The models that the user needs to evaluate. In the case of this decision-tree, one choice is between a random-intercepts multilevel model (with “subj” as the Level 2 variable) and a regression model with robust standard errors clustered by “subj”, and the other choice is between including a quadratic term for time or excluding it (don’t worry if you don’t fully understand what these are, the important part is understanding the function itself!). For example, this is one of the models:

xtmixed time i.group || subj: , var mle

The ability for the function to take user input using the “_request” command. This command assigns the user input to a local which the function can use. For example:

di "Enter a value below in the 'command' window (y/n)" _request(_answer1)

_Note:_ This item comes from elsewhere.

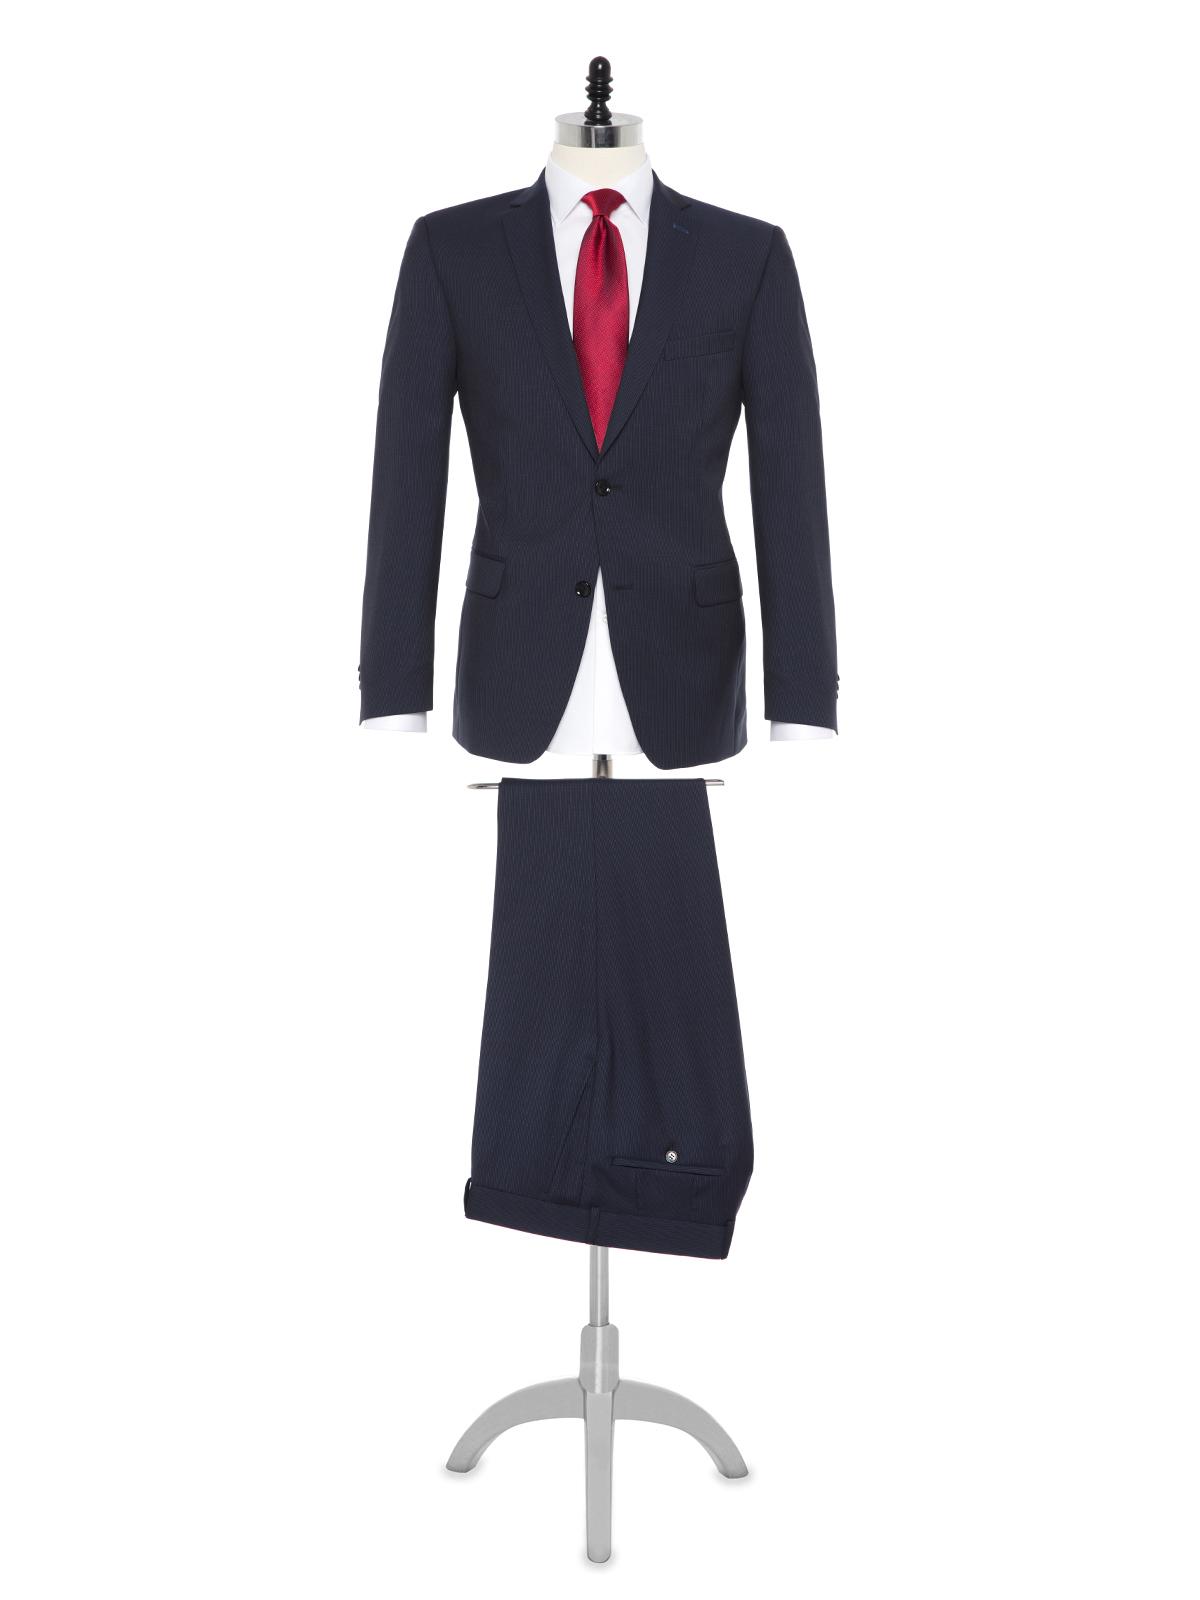 Carl Gross - Carl Gross Reda Süper 100'S K.Lacivert Çizgili Yün Takım Elbise

Conditional statements (if, else) that guide the client through the decision-making tree. These conditional statements evaluate the locals generated by the user input. For example:

if ("" == "y") {               
    xtmixed  time time_sq i.group || subj: , var mle
}

To demonstrate the function, I will use an example dataset (as my client’s data contains pretty sensitive medical information!). This is a dataset I sourced from IDRE at UCLA, which is an incredible statistics and statistical programming resource that has particularly good documentation for Stata.

This dataset contains depression scores for 61 participants in two different treatment groups (27 in the placebo and 34 in the estrogen treatment). Each participant was assessed at baseline (pre) and at 6 timepoints thereafter.

The depression scores are currently in a wide format, with a variable for each timepoint. As we are doing regression analyses, we’ll need all the depression scores in a single variable, therefore we’ll convert the data to a long format.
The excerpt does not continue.